Seperti ditegaskan dalam QS Az-Zumar [39]:18:
الَّذِيْنَ يَسْتَمِعُوْنَ الْقَوْلَ فَيَتَّبِعُوْنَ اَحْسَنَهٗۗ اُولٰۤىِٕكَ الَّذِيْنَ هَدٰىهُمُ اللّٰهُ وَاُولٰۤىِٕكَ هُمْ اُولُوا الْاَلْبَابِ ١٨
“(Yaitu) orang-orang yang mendengarkan perkataan lalu mengikuti yang terbaik di antaranya. Mereka itulah orang-orang yang diberi petunjuk oleh Allah, dan mereka itulah orang-orang yang berakal.”

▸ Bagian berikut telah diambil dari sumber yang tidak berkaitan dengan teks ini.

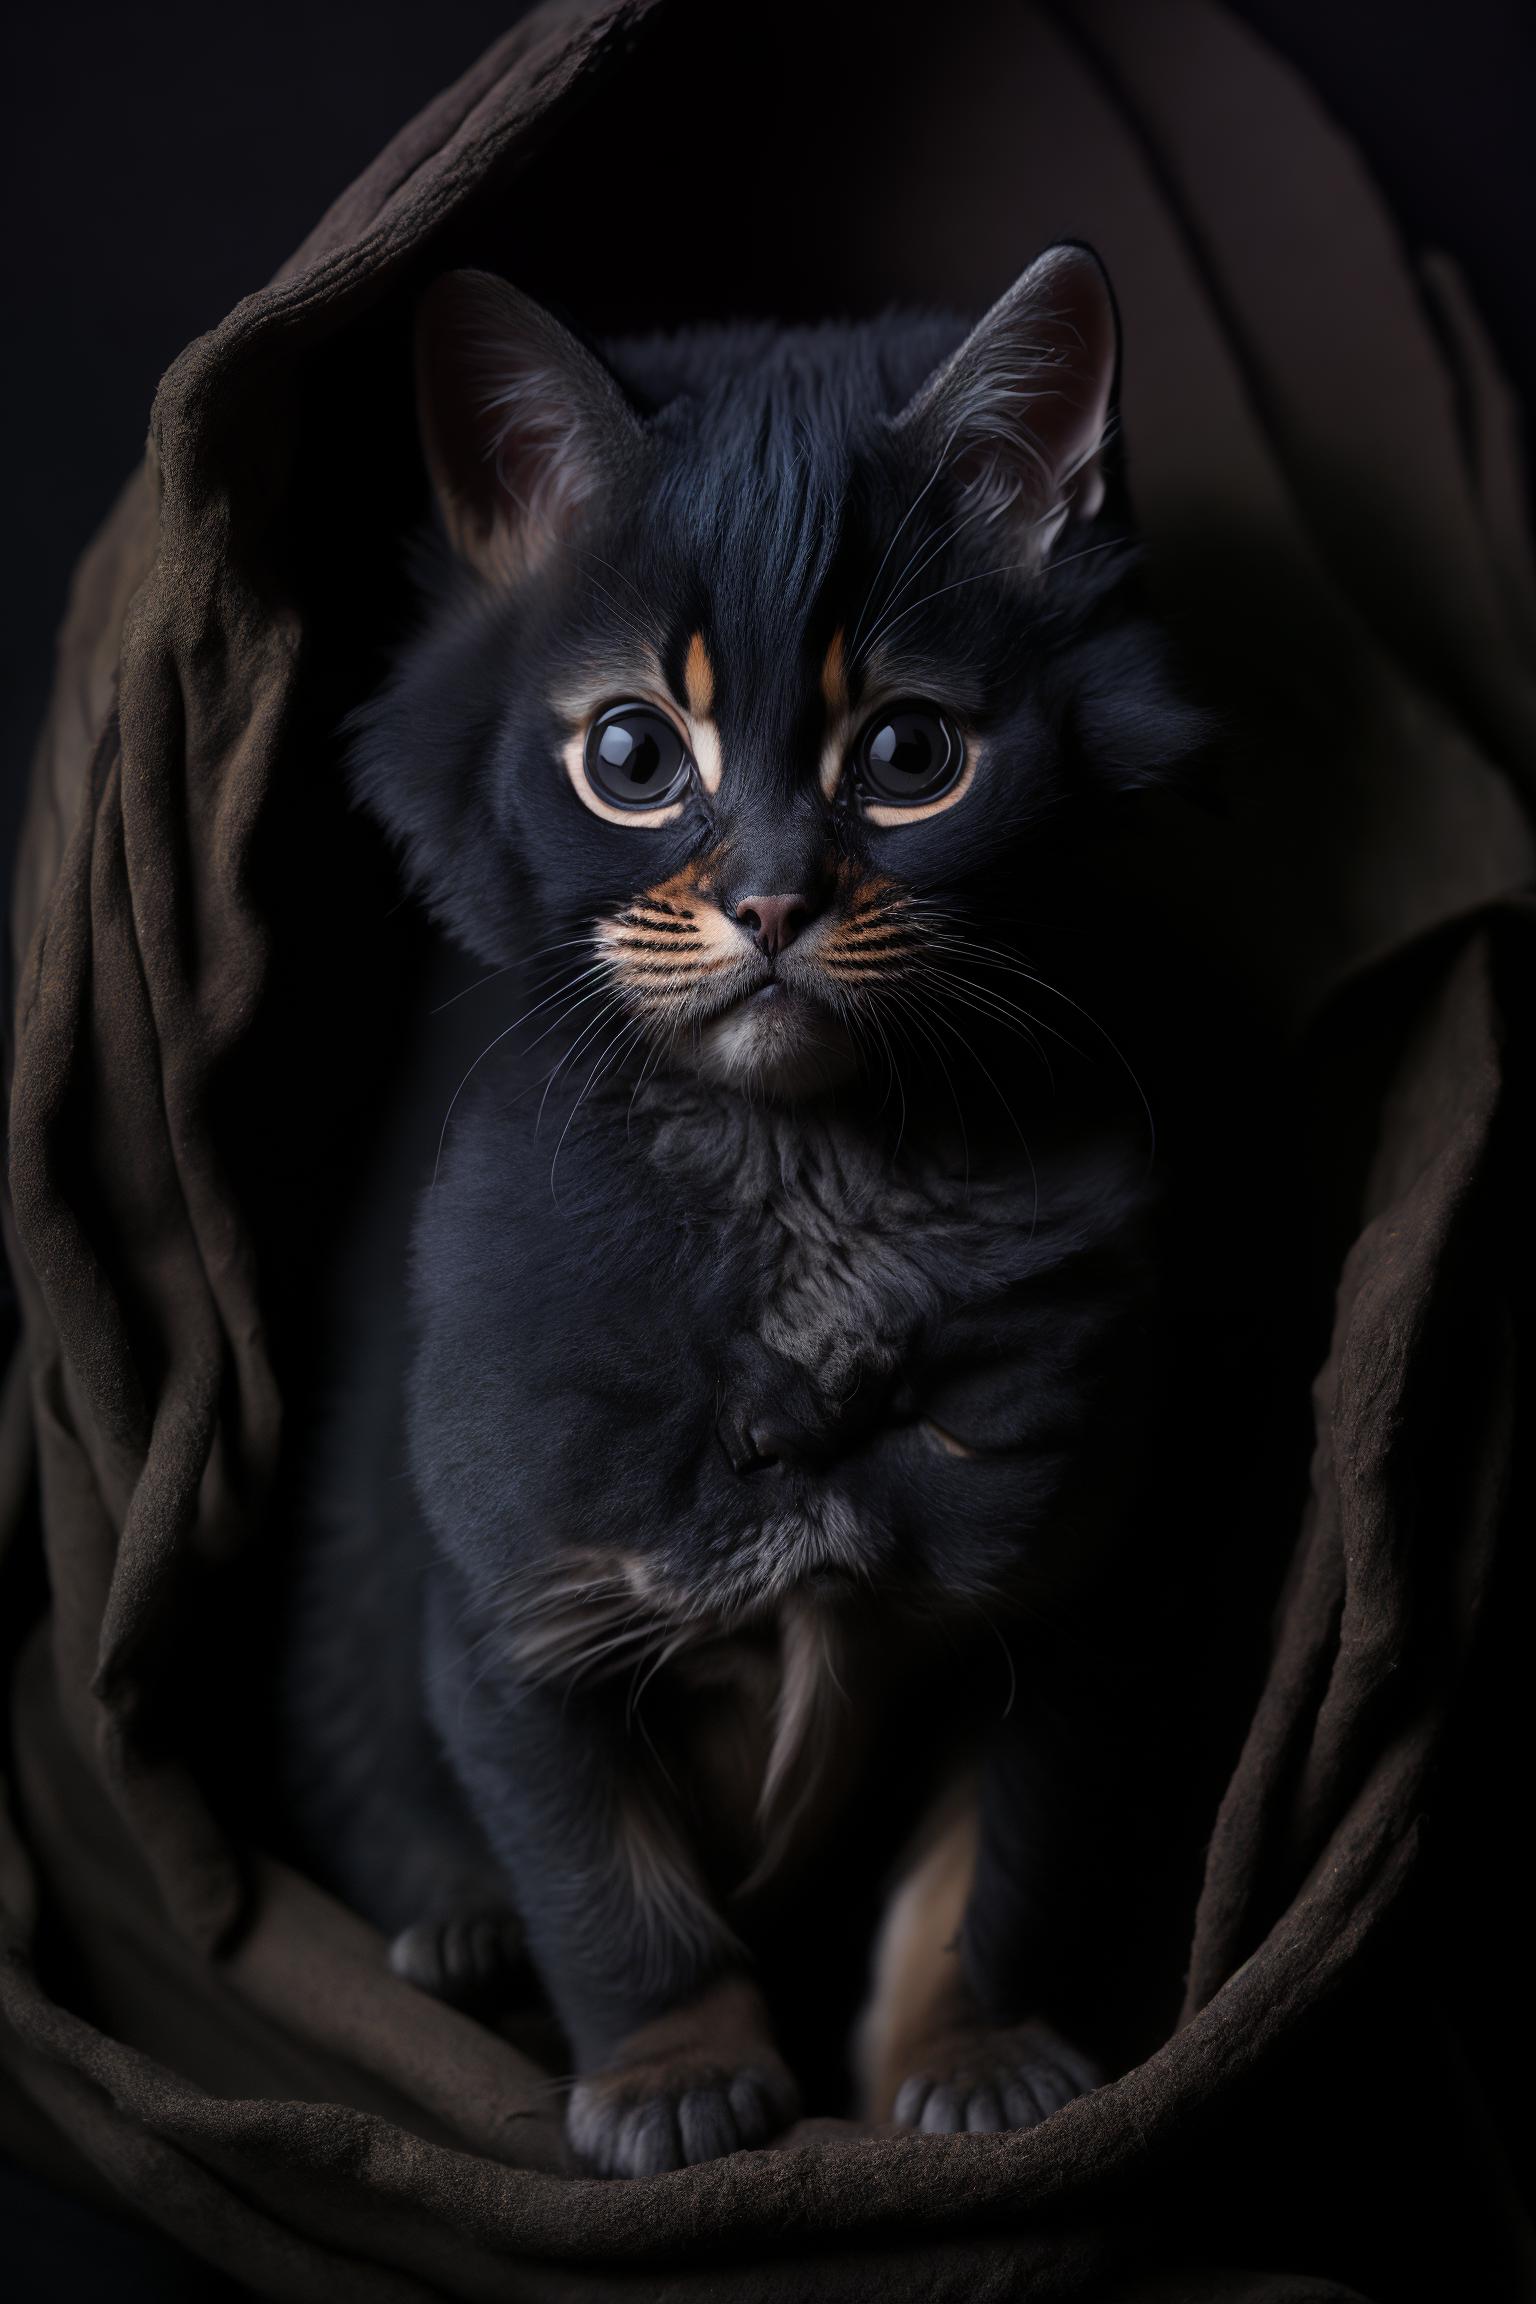 A black kitten with yellow eyes sitting under a blanket.

Kini saatnya kita membuka ruang tafsir yang sehat, menghargai kontribusi semua kalangan, dan tidak lagi menjadikan ayat-ayat Tuhan sebagai alat legitimasi kelompok tertentu.
اَفَلَا يَتَدَبَّرُوْنَ الْقُرْاٰنَ اَمْ عَلٰى قُلُوْبٍ اَقْفَالُهَا ٢٤
“Apakah mereka tidak merenungkan Al-Qur’an? Ataukah hati mereka telah terkunci?”(QS Muhammad [47]:24) – (emha)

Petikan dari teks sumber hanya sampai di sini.